━━━ Dataset excerpts

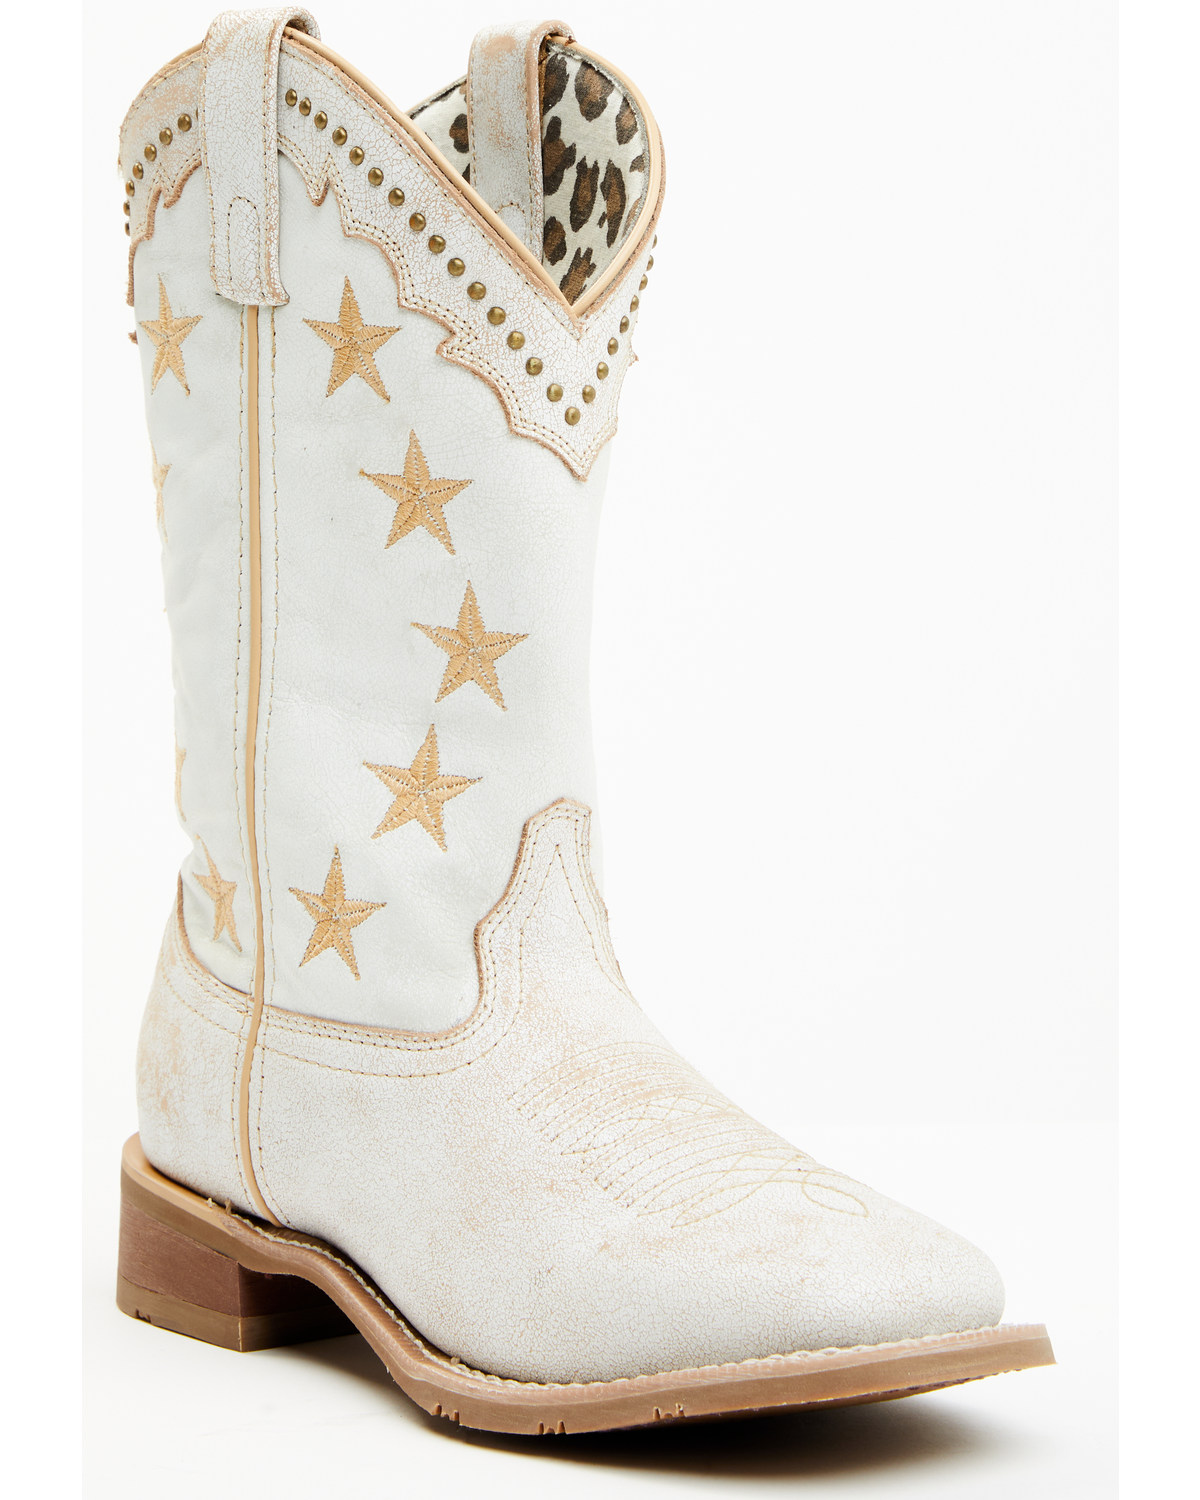 Laredo Women's Early Star 11" Studded Western Performance Boots - Broad Square Toe
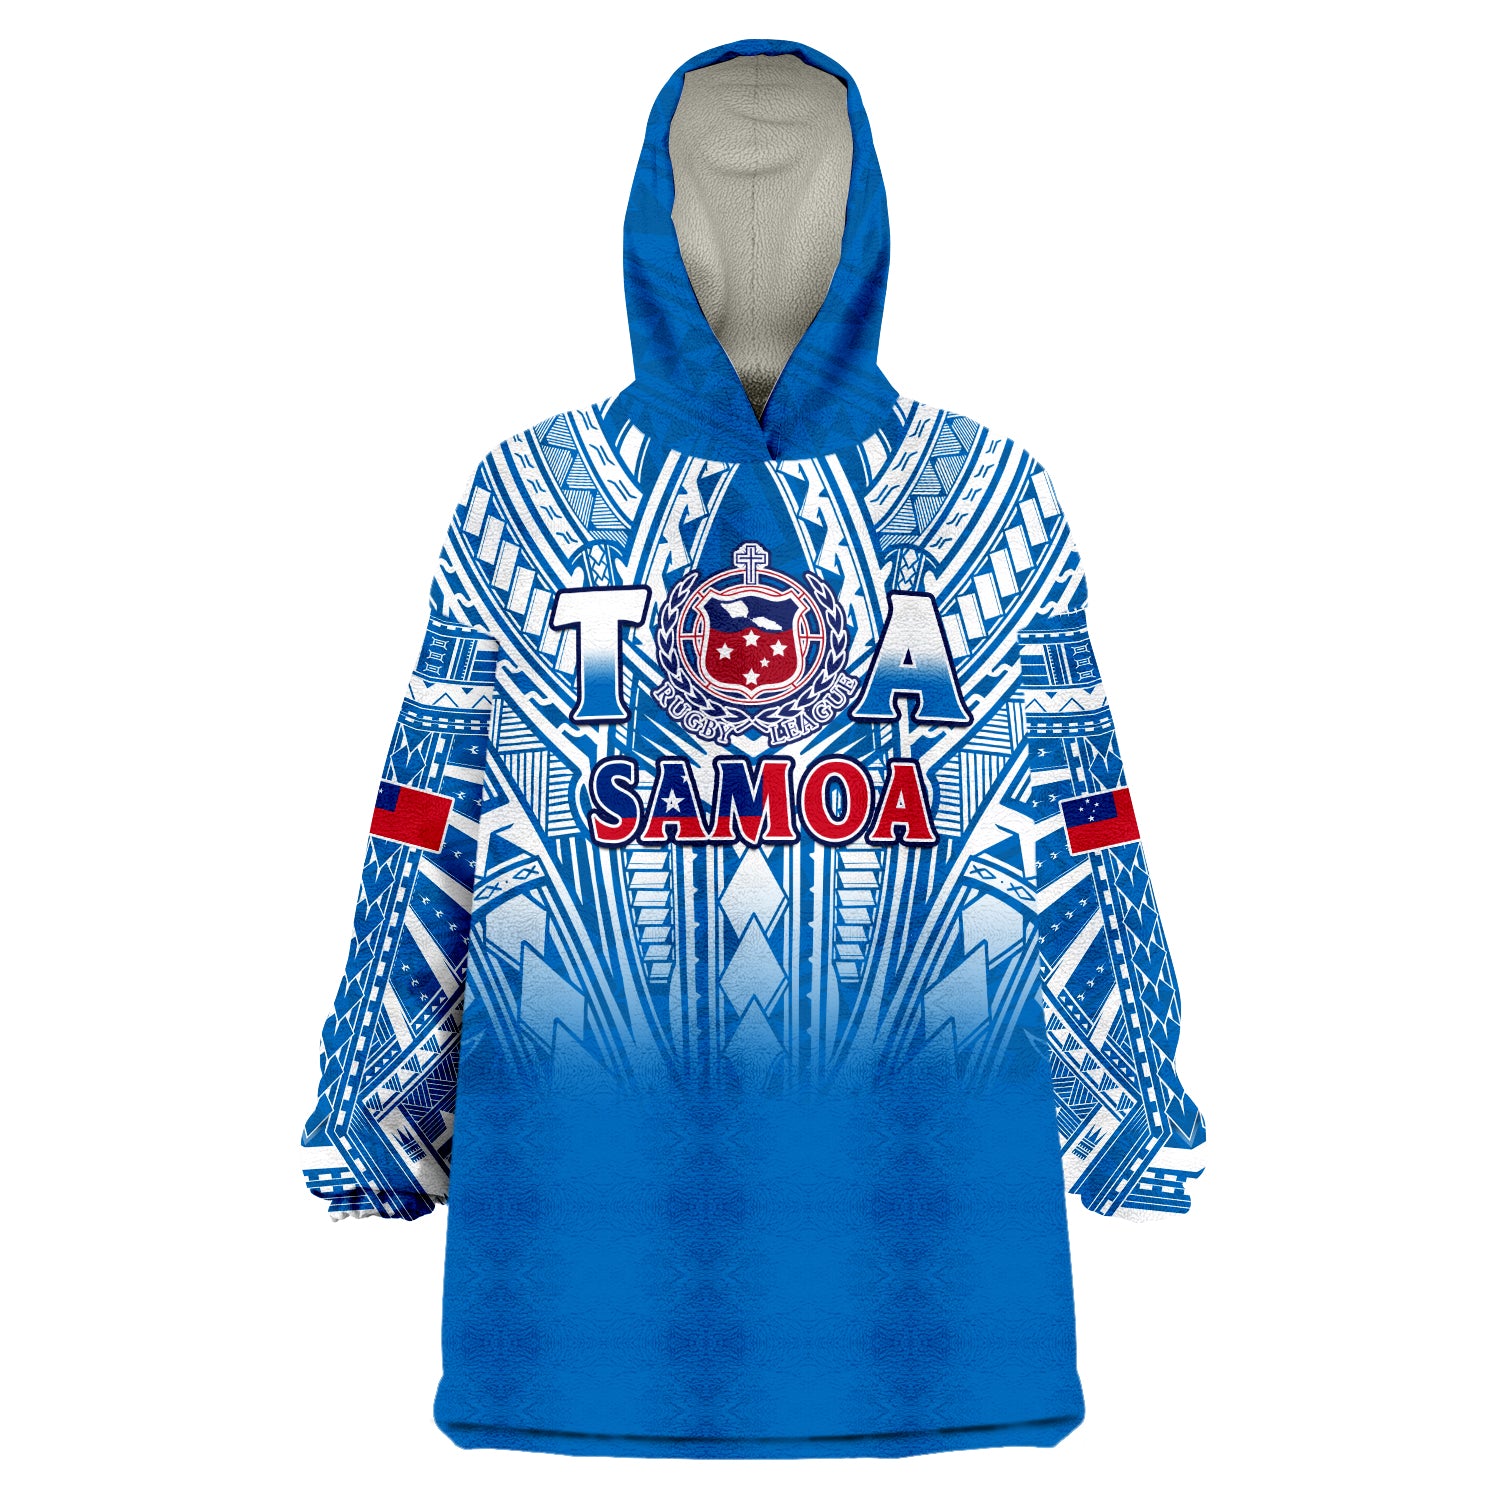 custom-text-and-number-samoa-rugby-toa-samoa-polynesian-pacific-blue-version-wearable-blanket-hoodie
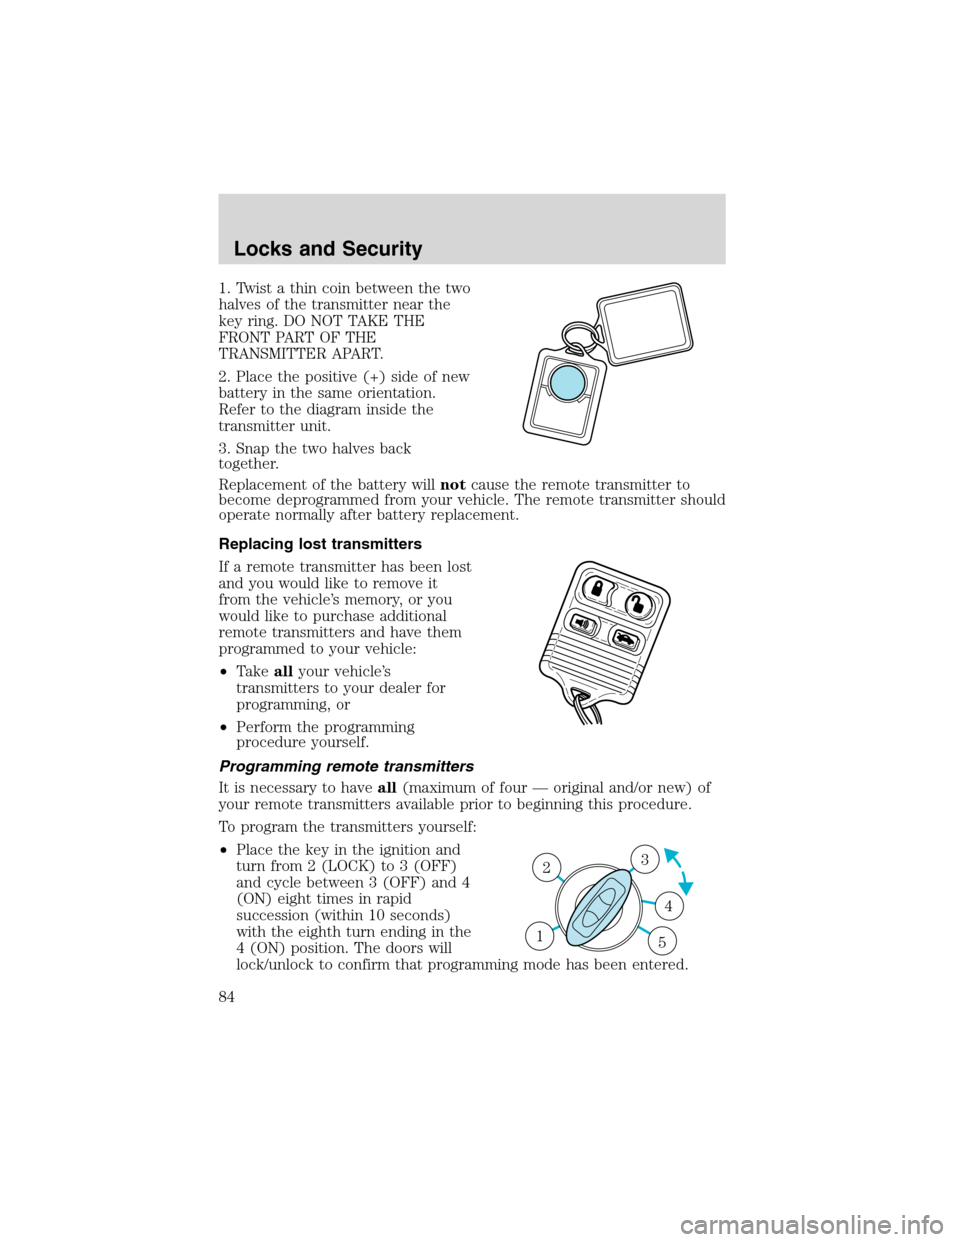 Mercury Sable 2002  Owners Manuals 1. Twist a thin coin between the two
halves of the transmitter near the
key ring. DO NOT TAKE THE
FRONT PART OF THE
TRANSMITTER APART.
2. Place the positive (+) side of new
battery in the same orienta
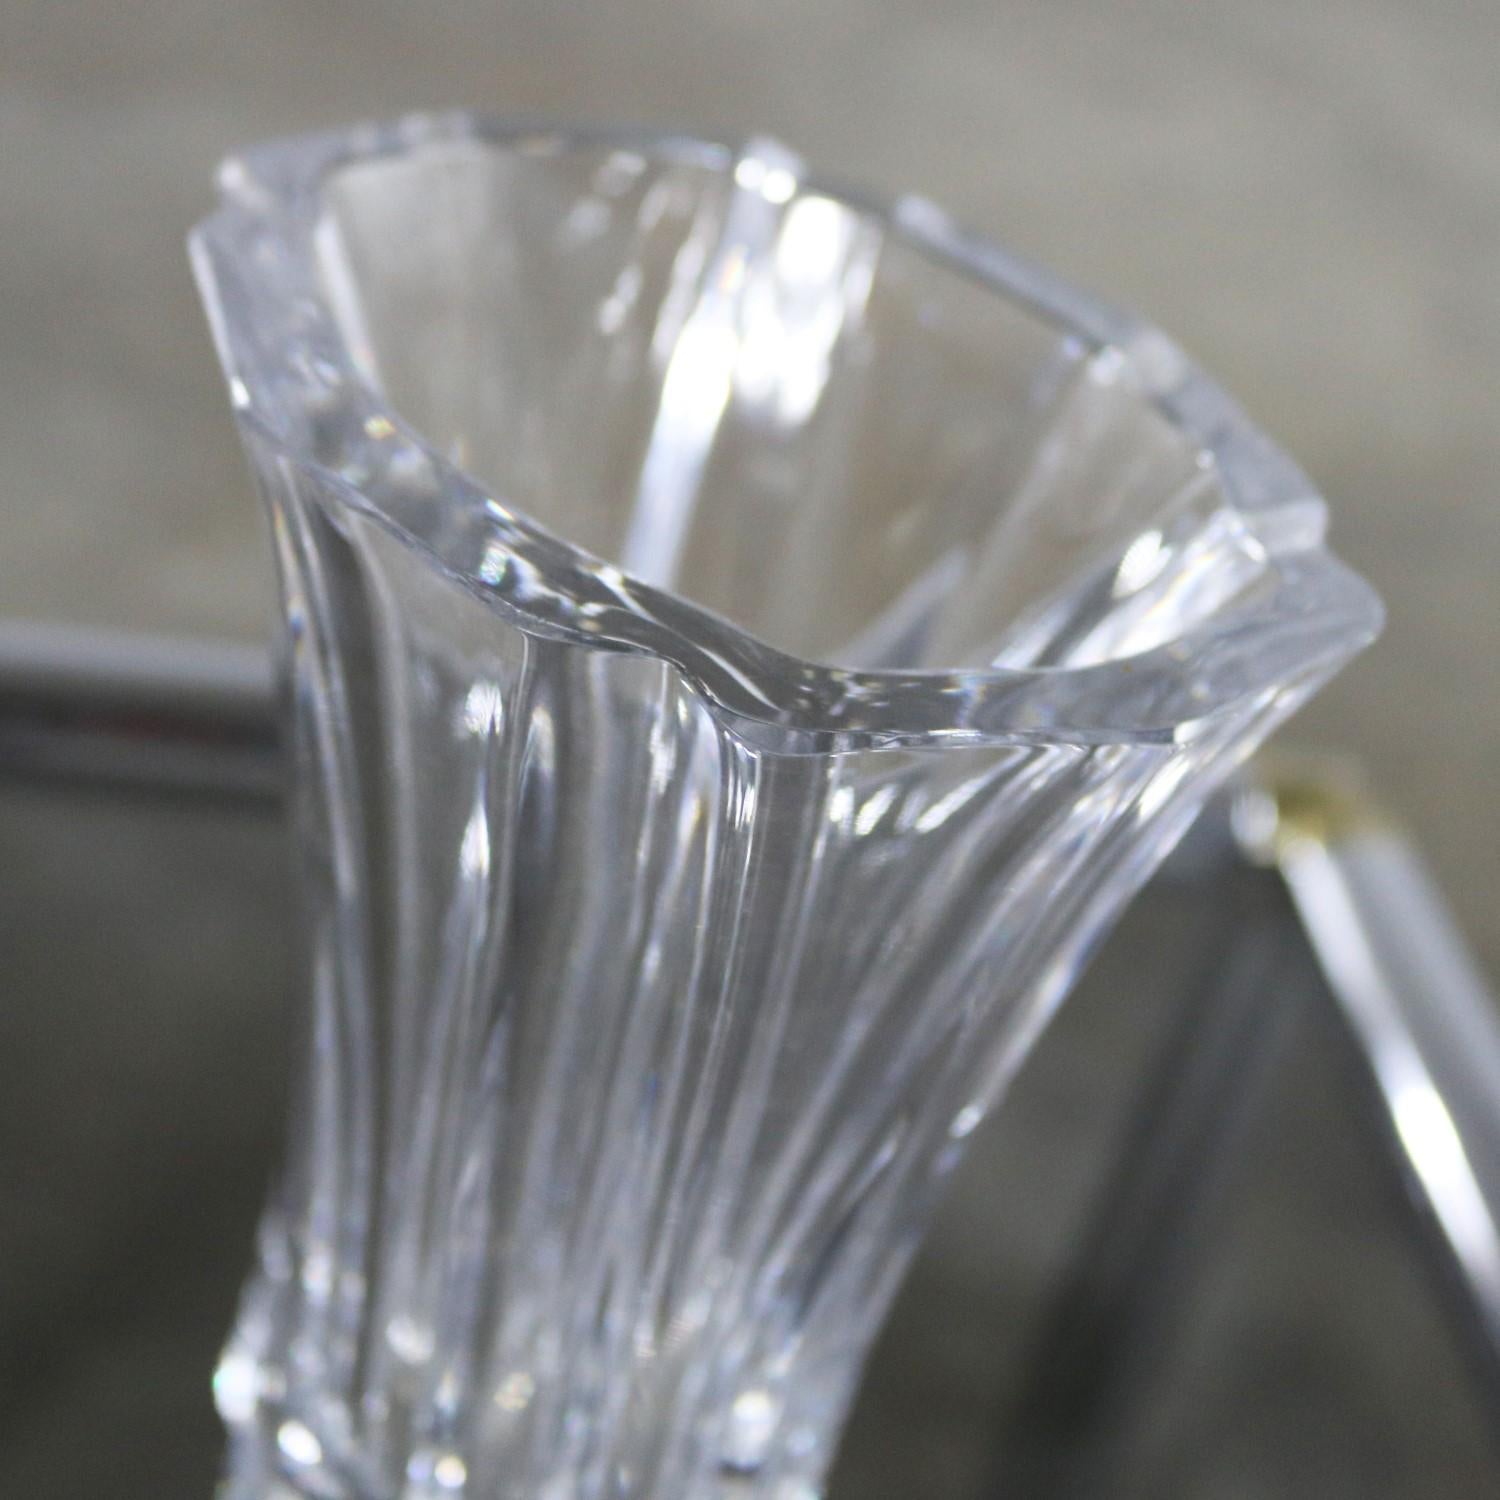 Orrefors Crystal Vase by Lars Hellsten Signed and Numbered LH 4599-22 7

━━━━━━

The task - To answer, repeat exactly the lines from the line containing "TRANSMITTER APART." through the last line of the data above, leaving out all pictures.

Task response -
TRANSMITTER APART.
2. Place the positive (+) side of new
battery in the same orienta
 Orrefors Crystal Vase by Lars Hellsten Signed and Numbered LH 4599-22 7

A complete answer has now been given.